A good compromise between smart and full publishing is the incremental option. Incremental Publish publishes only the items that were added to the publish queue in the master database in the last 30 days - (to be added to the publish queue, an item must have been created, saved, copied, cloned, deleted, or archived, and must have reached the last step of approval if workflows were implemented for the item).
Incremental Publish is only available at site level, for this reason, it might be worth defining the Web Content Publisher role that is responsible for the publication of the site and subsequent rollouts.

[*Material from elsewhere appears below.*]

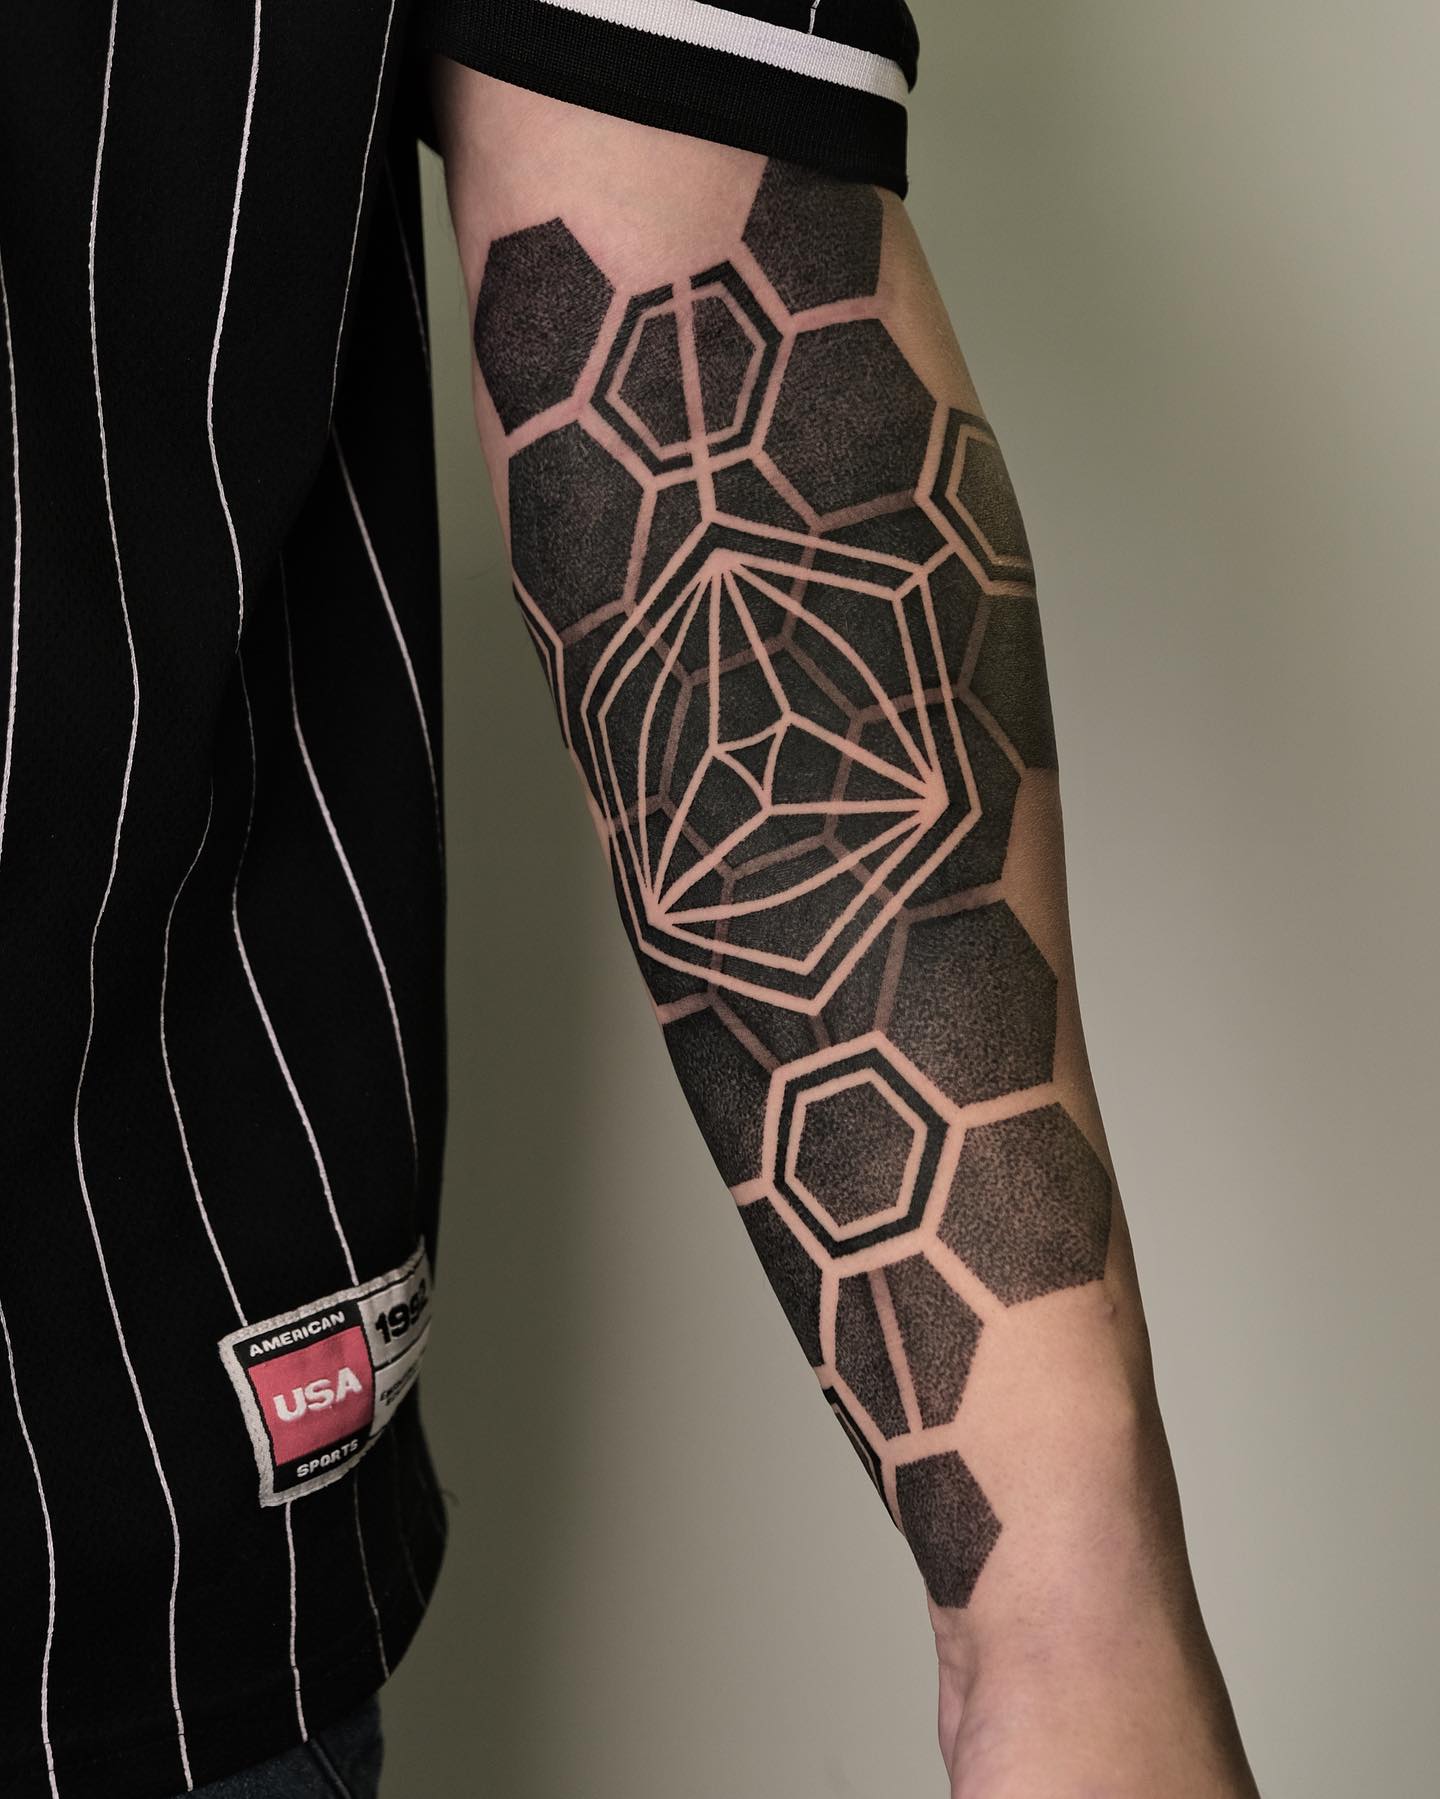 Blackwork/geometric style sleeves.
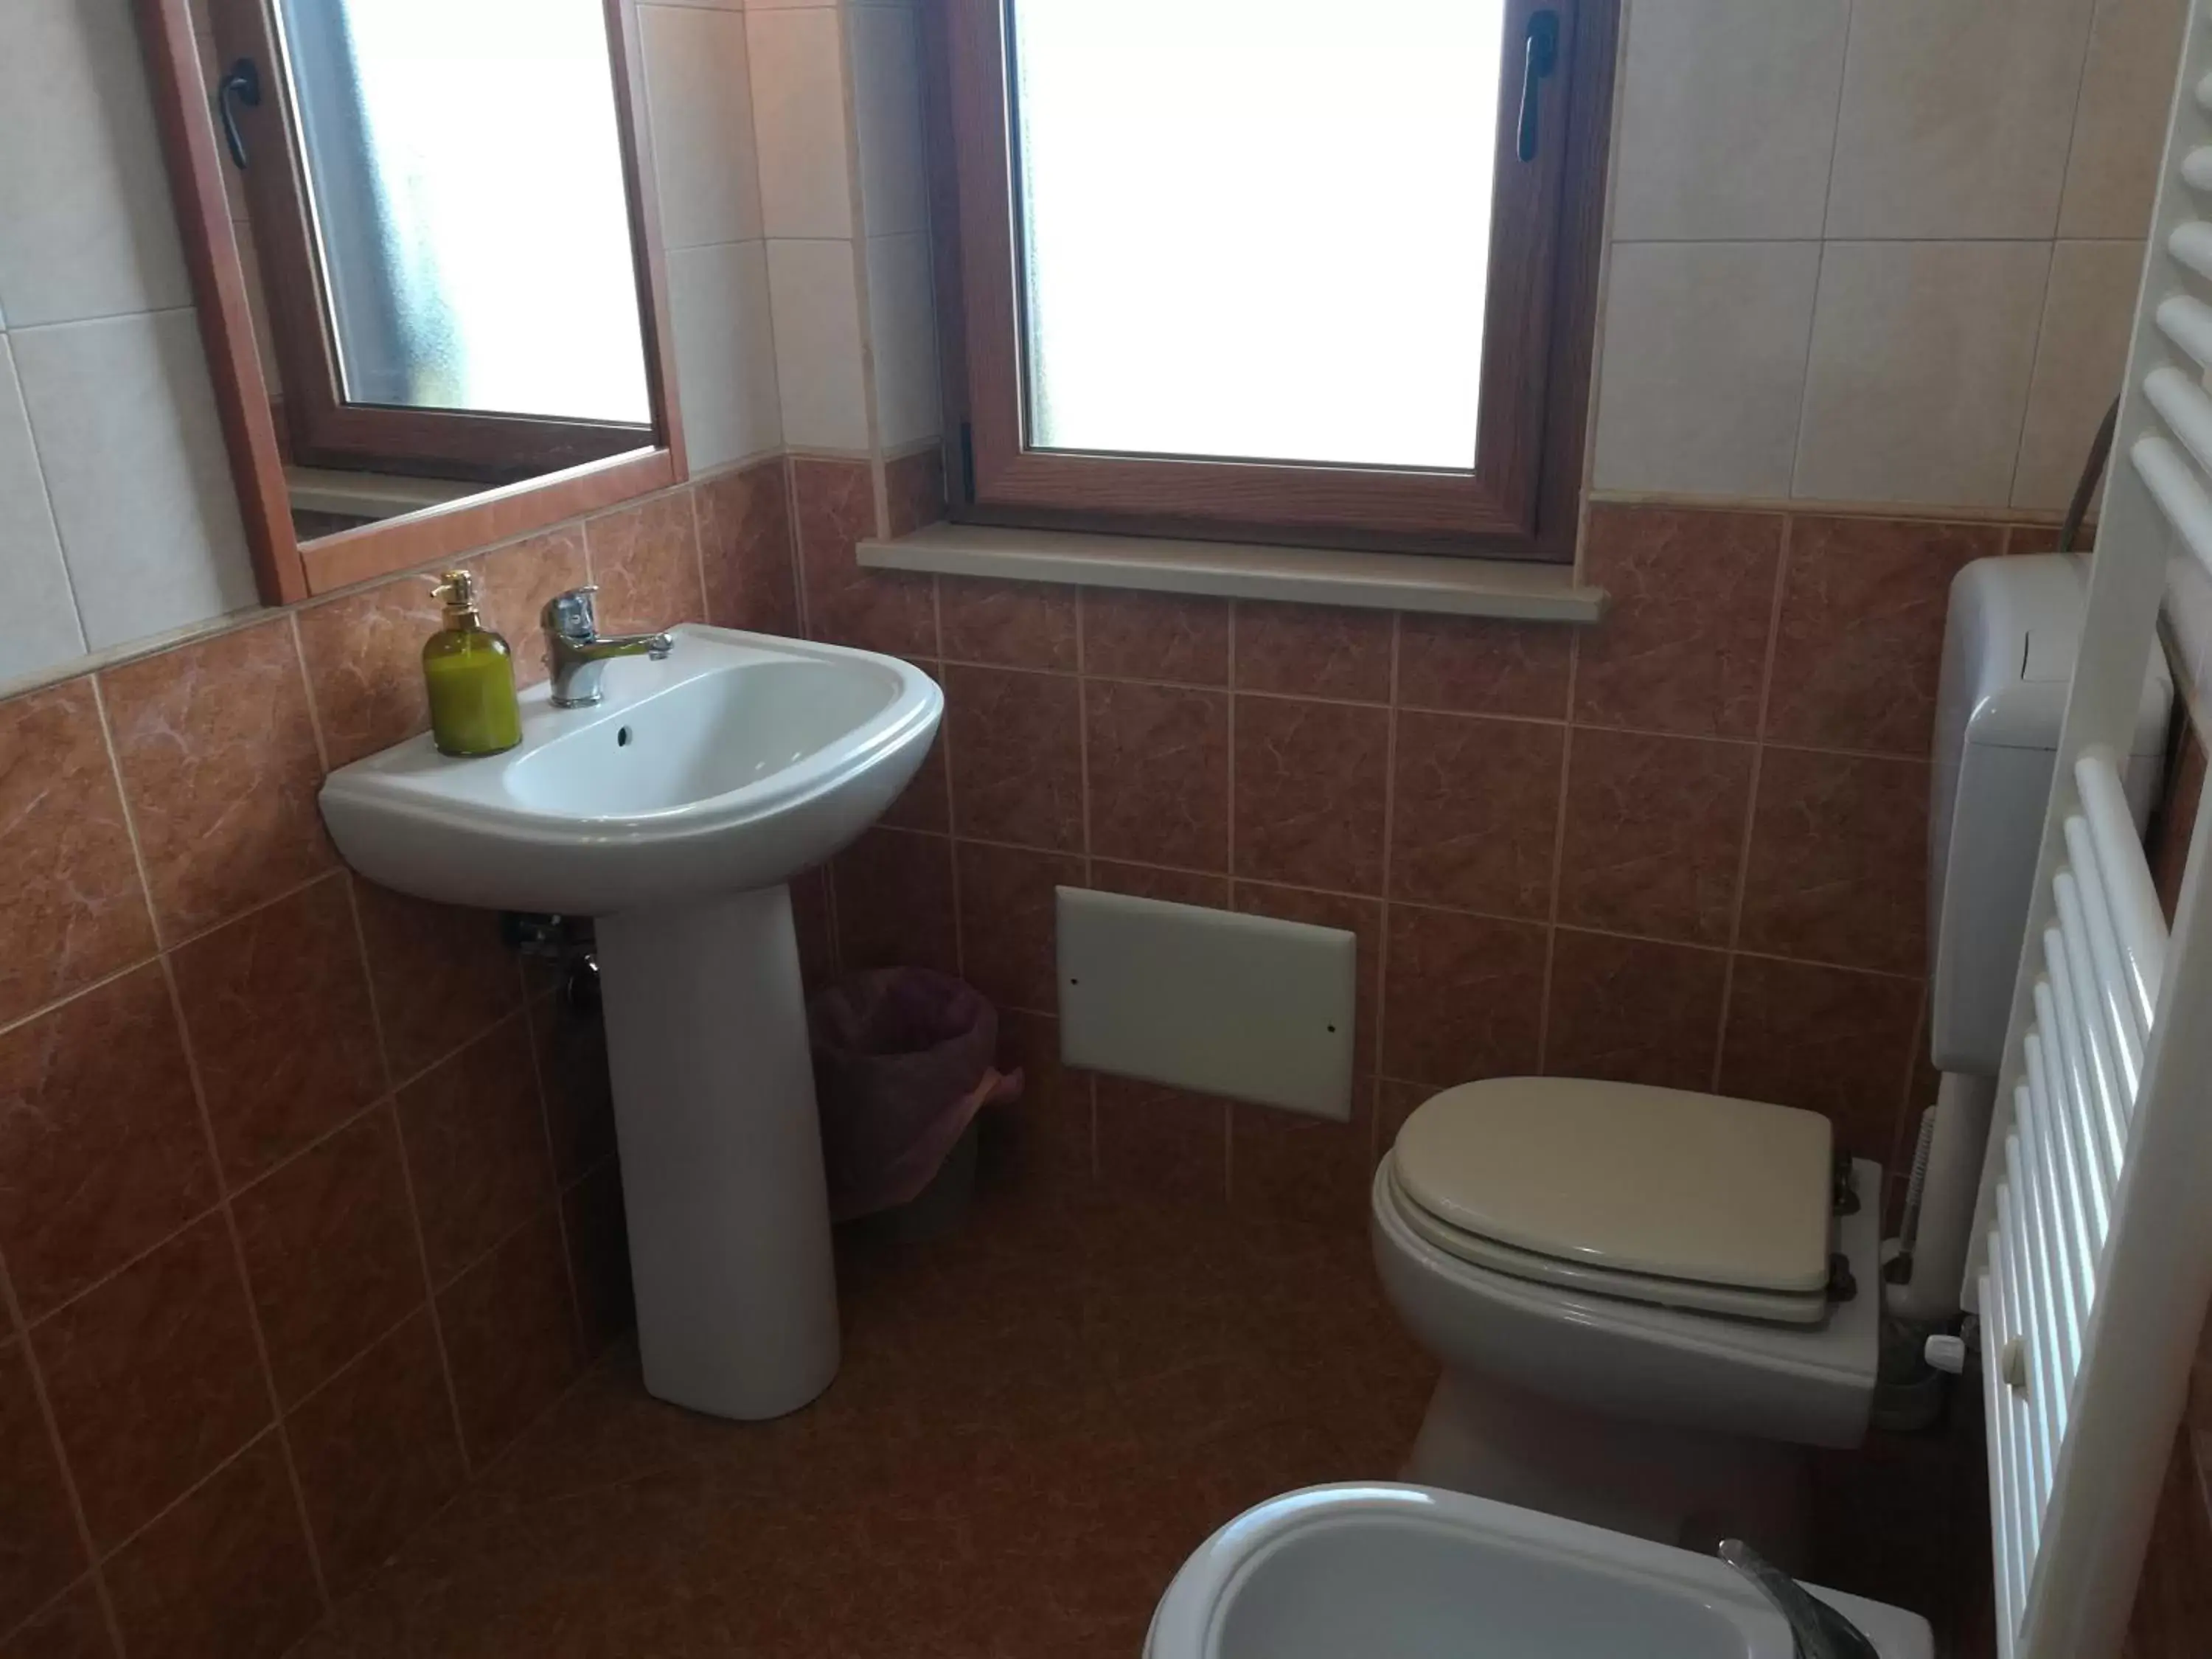 Bathroom in Scilla e Cariddi

This role, in agreement with marketers, will define the publication windows based on planned campaigns and updates. Using the incremental approach in a recurring way, updates will be linear and stress the whole system less. As already mentioned, to be effective, the contents must be managed by a publishing workflow, this to avoid incomplete content being inadvertently made public.
Custom Contents Resolvers
Contents Resolvers are used with the Sitecore Layout Service to provide more complex data beyond the serialization of a component data source. A Contents Resolver gets executed when the page (layout) is rendered (in the GraphQL response it is the “rendered” property). This occurs in different contexts: in Experience Editor, in the Experience Preview. In these instances, the context is known because XM Cloud parses the request.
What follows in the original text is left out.